「起業」と「経営」の違いを理解する

経営改善・成長戦略

執筆者: ドリームゲート事務局

「起業」と「経営」はまったくの別物です。初めから両者の違いをしっかりわかっていないと、後々大変なことになってしまいますから、まず始めにしっかりと理解しましょう。

「起業」後、収益が上がった時点から『経営』がスタート

起業とは、新しい事業を始めることです。起業家のみなさんの中には、もしかしたら「儲ける」ことだけを目標にしている方もいるかもしれませんが、「儲ける」「規模を大きくしたい」というのは『経営』です。「起業」と「経営」はまったくの別物で、初めから両者の違いをわかっていないと、後々大変なことになってしまうのです。

当然ながら、起業したらまず取り組むのは収益を上げることです。ビジネスを立ち上げる時に考えるべきポイントは2つ。

  1. 「何をどういう形で誰に売るか」→ ビジネスモデル
  2. 「売るためのロジック」→ マーケティング

ビジネスモデルというのは、提供する商品やサービス寄りのもので、「これはいける!」と思うまで練り上げるべきものです。しかし、良い商品やサービスを提供すれば収益が上がるかというとまたちょっと違って、そこには「売るためのロジック」が必要なのです。ビジネスモデル+マーケティングの両輪が揃って、初めて収益が上がります。ちなみに私はこれを『儲かるしくみ』と呼んでいます(*^^)v。

『経営』は発展性を視野に入れて事業がスタート

起業家の中には、「儲かる」ことをゴールと思っている方も結構いるようですが、儲かれば終わりというのではただの「商売」。『経営』は、収益が上がってからがスタートなのです。儲かったお金を次に何に「投資」するかがわかっていないと、ビジネスは継続的に発展しないということです。実は、創業するときの商品やサービスの値段の決め方ってすごく大切なんですが、ここを間違うと後々「組織化」できなくなってしまいます。

例えば、SOHO(個人事業主)の人がすごく安い値段でサービスを提供できるのは、自分が食べていければいいからですよね。しかしその延長で起業してしまうと、儲かっても人を採用できなくなってしまうのです。人件費が増えれば、いきなり赤字になってしまいますからね。最初から人を雇うことを想定して、商品やサービスの値段を設定していないと、ビジネスは発展していきません。

起業するときから、将来「組織化」してビジネスを大きくしていくイメージを持っていないと、競争力を出そうと、つい安い値段でスタートしてしまいがちです。それでは、後になって値段を上げるというのはなかなかできにくいので、この発想だと一生個人事業で終わってしまうことにもなりかねません。
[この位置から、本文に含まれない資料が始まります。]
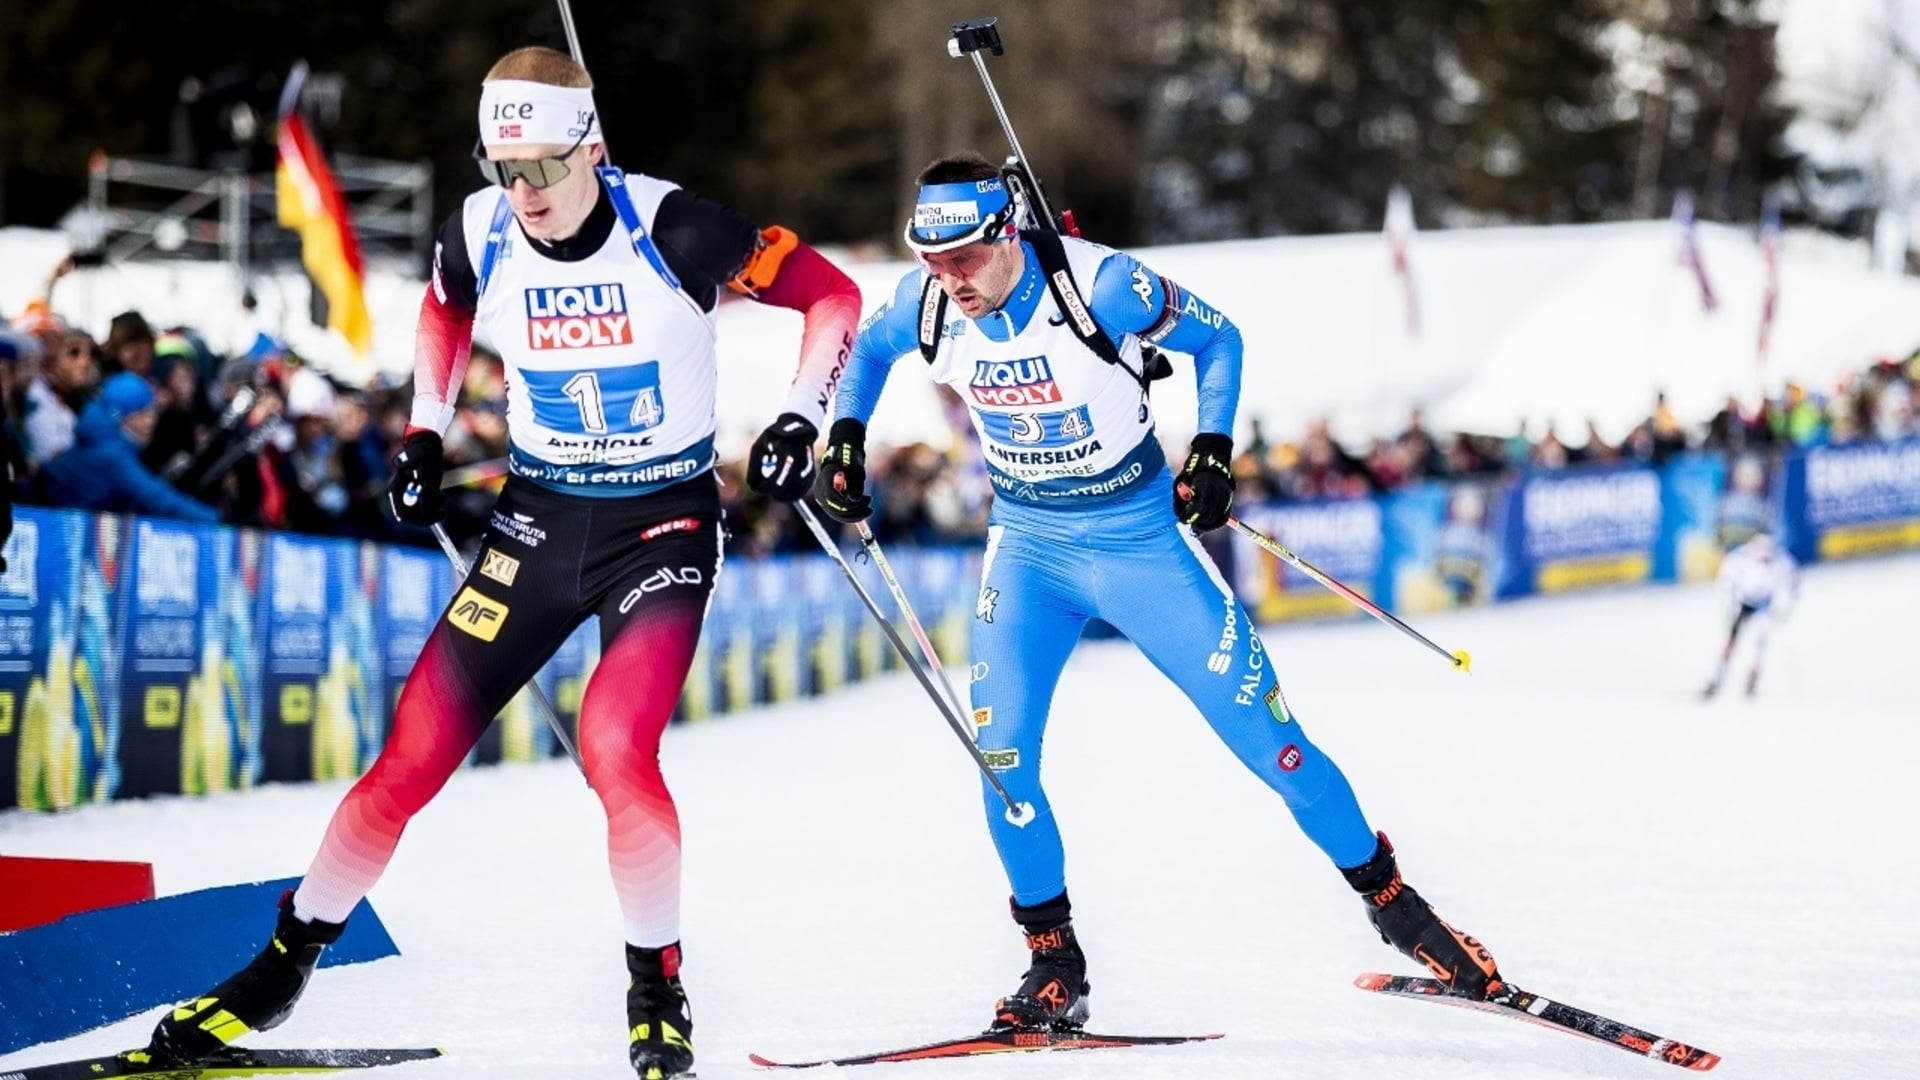 14.02.2020 - Tanti favoriti nella Sprint maschile

商売というのは一過性のものですから、儲かればOK!極端に言えば、人を騙してでも儲けた人の勝ちみたいなイメージですが、『経営』というのは継続と発展ですから、発展性がどこまであるかを考えてビジネスをスタートしないといけないんです。ビジネスを長期的に発展させるためには、経営者として取り組むべきことと、その順番をわかっておく必要があります。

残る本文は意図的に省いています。